• **Exercise details**: Reproduce the whole listing exactly and let no picture into the copy.

• **Source data**:
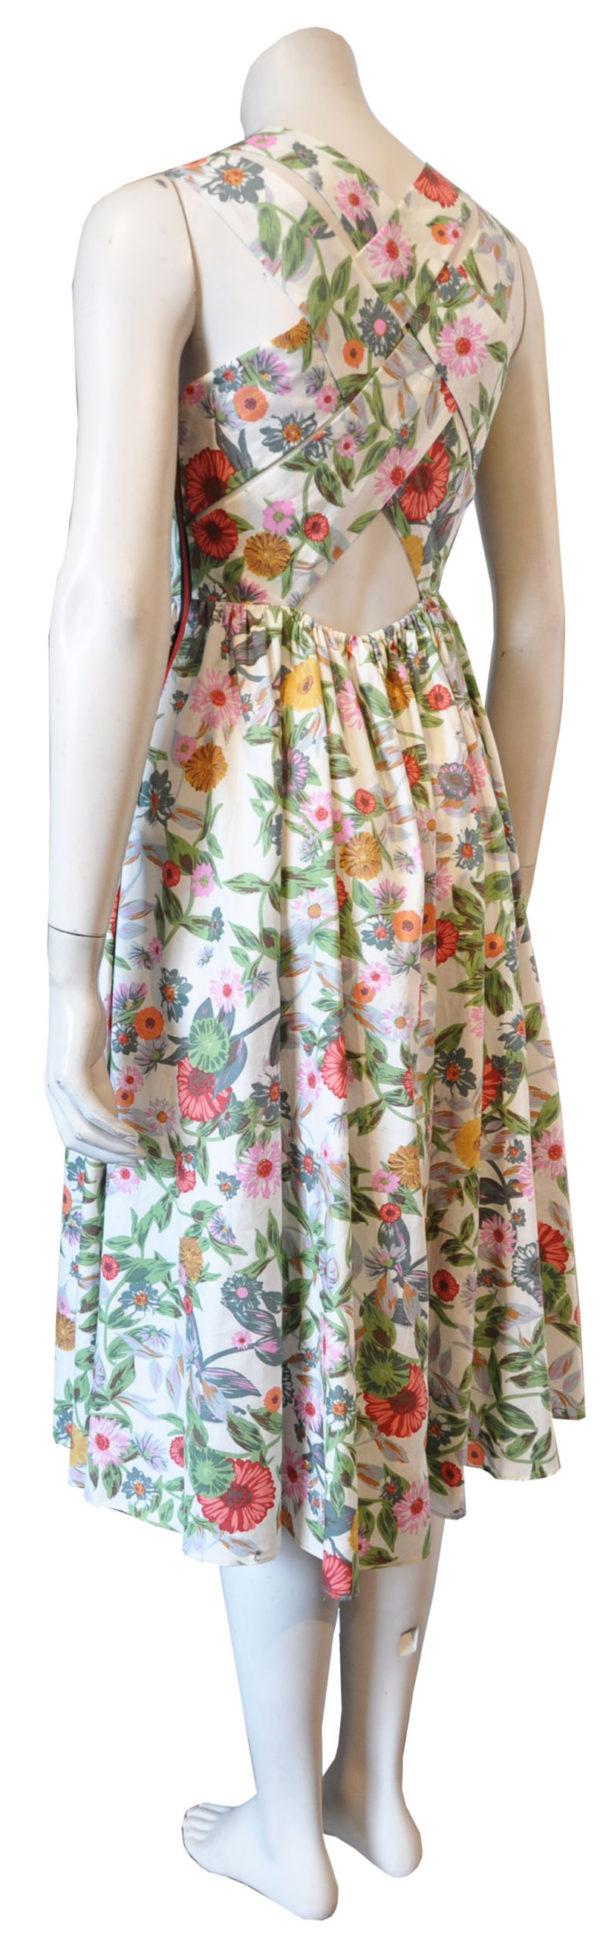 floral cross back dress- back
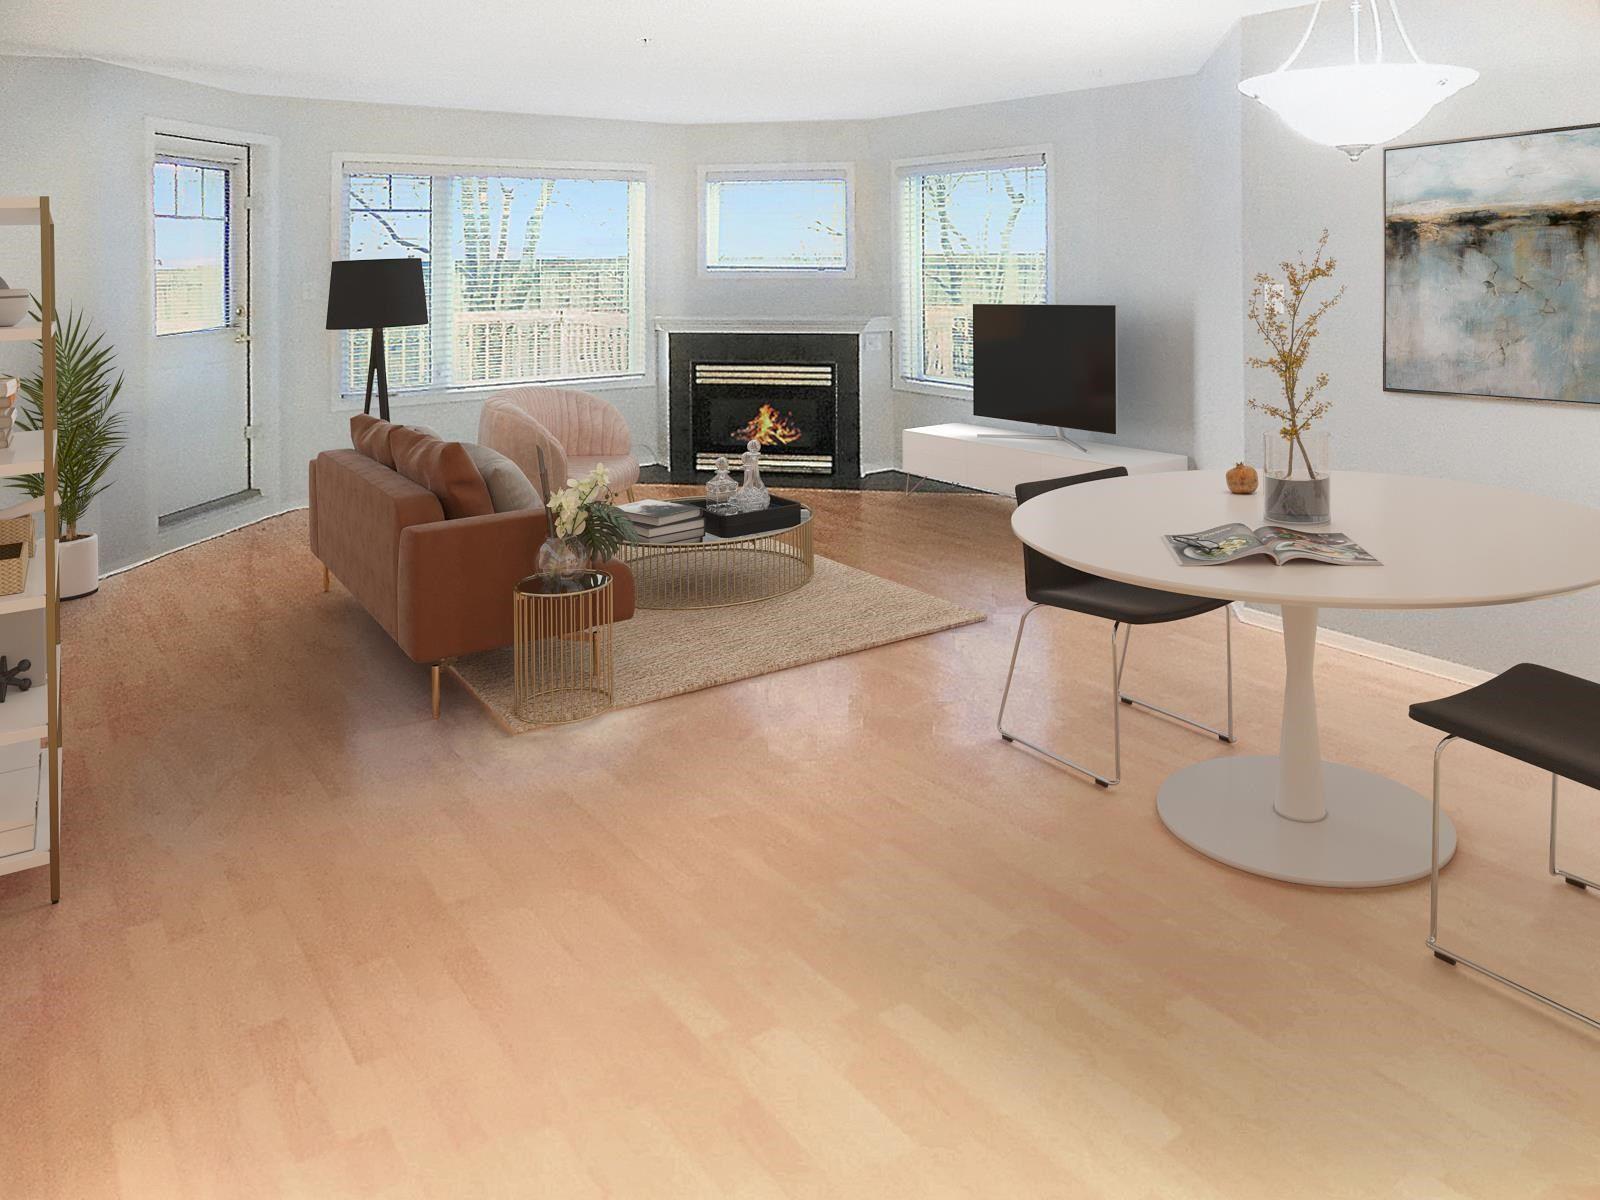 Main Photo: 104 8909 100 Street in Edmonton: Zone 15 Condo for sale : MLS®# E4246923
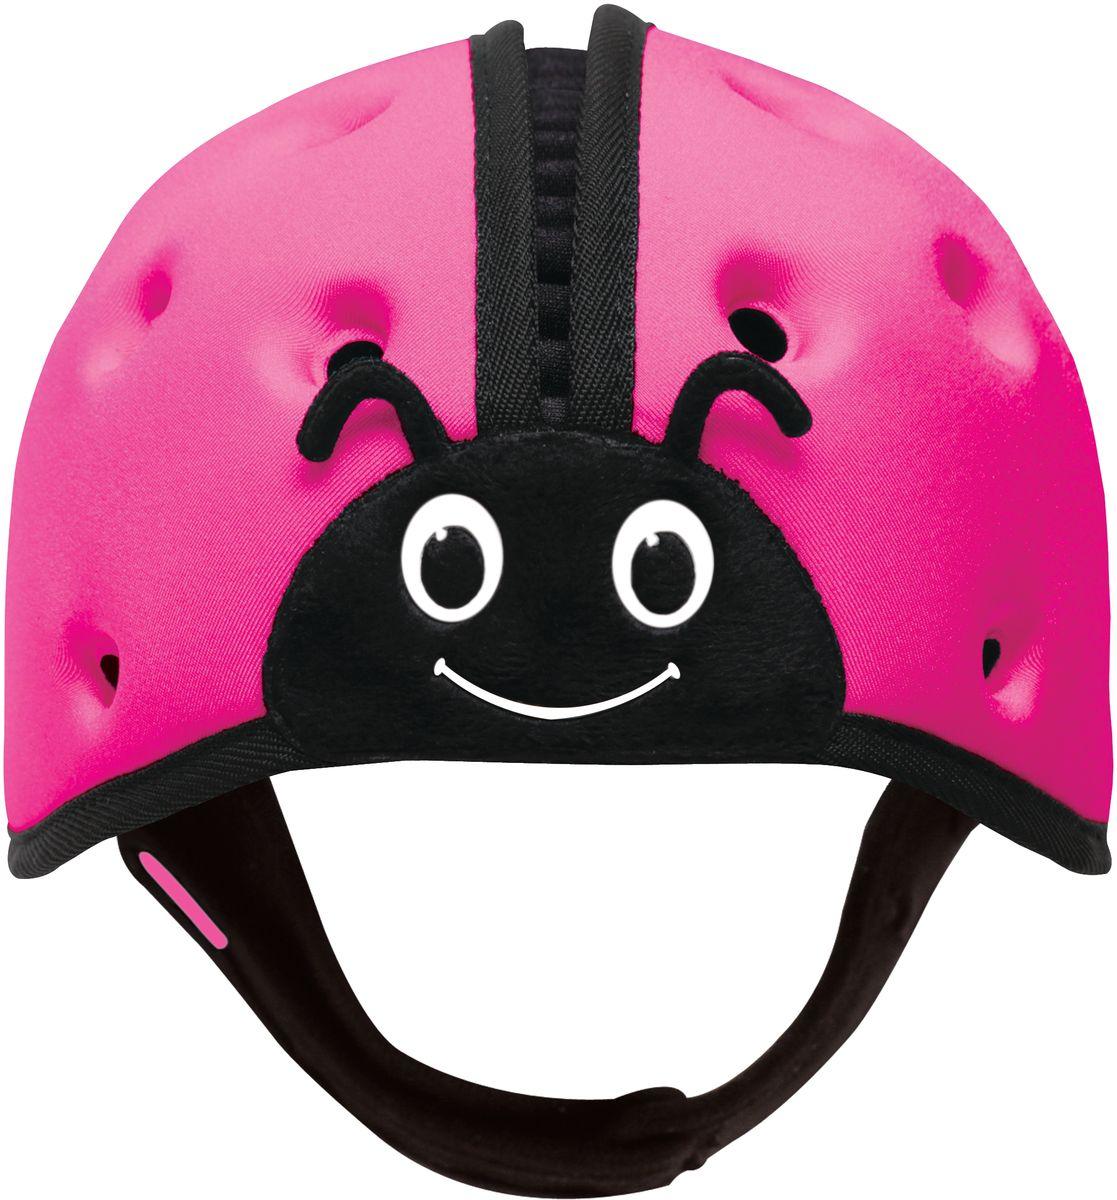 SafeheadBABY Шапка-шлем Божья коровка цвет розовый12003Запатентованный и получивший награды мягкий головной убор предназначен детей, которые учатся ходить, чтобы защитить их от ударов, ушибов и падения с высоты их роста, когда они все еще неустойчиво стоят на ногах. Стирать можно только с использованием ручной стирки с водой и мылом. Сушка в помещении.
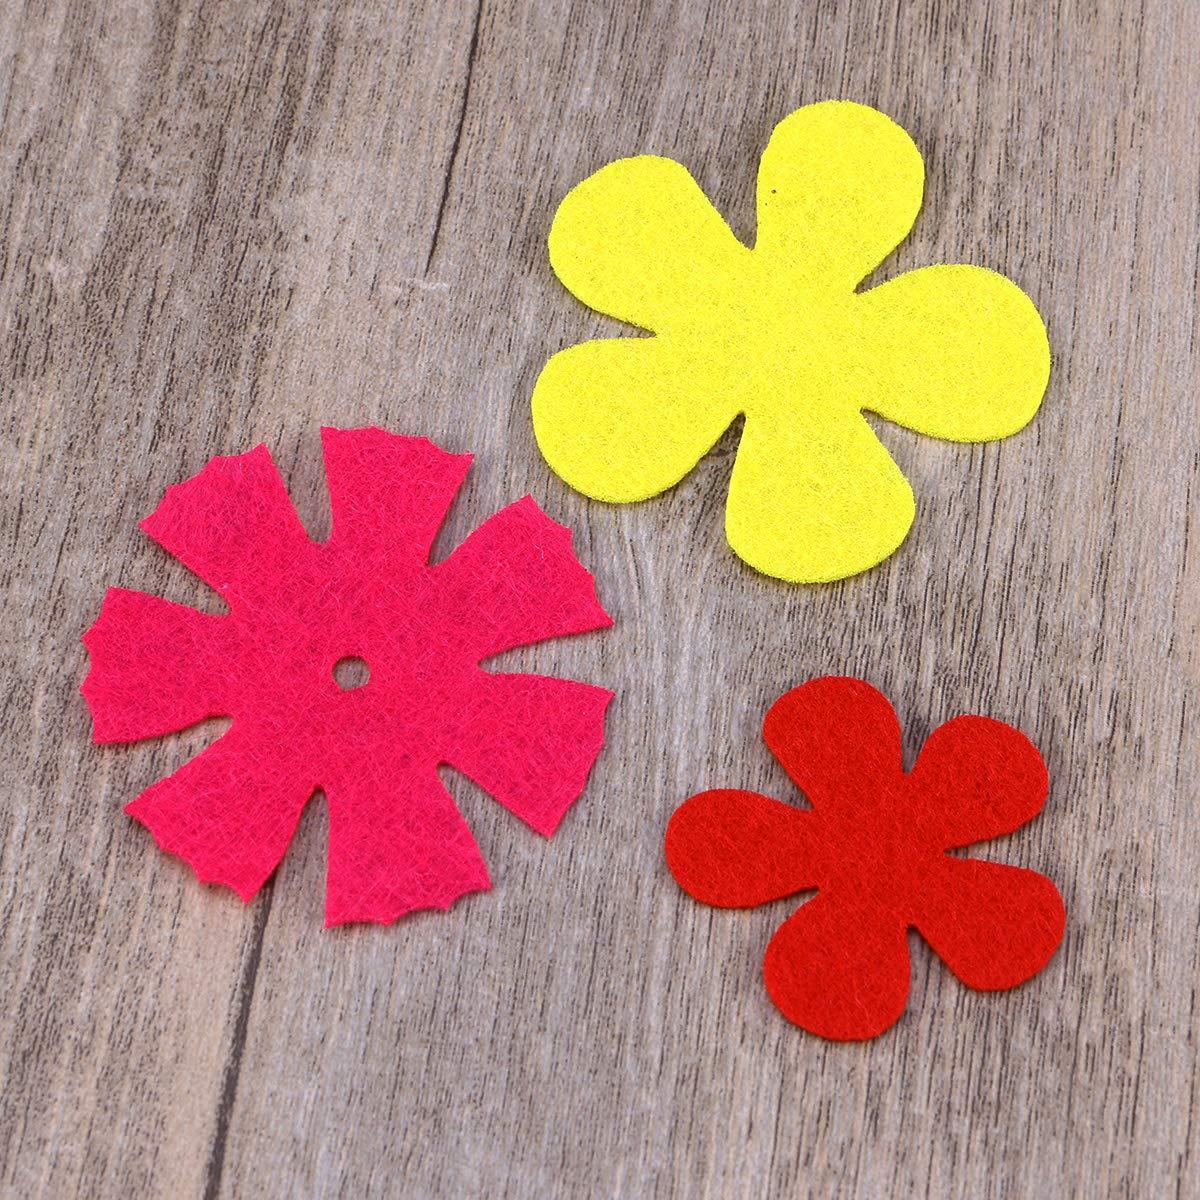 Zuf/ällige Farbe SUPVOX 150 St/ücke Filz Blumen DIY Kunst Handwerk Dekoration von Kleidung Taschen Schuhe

• **Answer for the task**:
 floral cross back dress- back
 Main Photo: 104 8909 100 Street in Edmonton: Zone 15 Condo for sale : MLS®# E4246923
 SafeheadBABY Шапка-шлем Божья коровка цвет розовый12003Запатентованный и получивший награды мягкий головной убор предназначен детей, которые учатся ходить, чтобы защитить их от ударов, ушибов и падения с высоты их роста, когда они все еще неустойчиво стоят на ногах. Стирать можно только с использованием ручной стирки с водой и мылом. Сушка в помещении.
 Zuf/ällige Farbe SUPVOX 150 St/ücke Filz Blumen DIY Kunst Handwerk Dekoration von Kleidung Taschen Schuhe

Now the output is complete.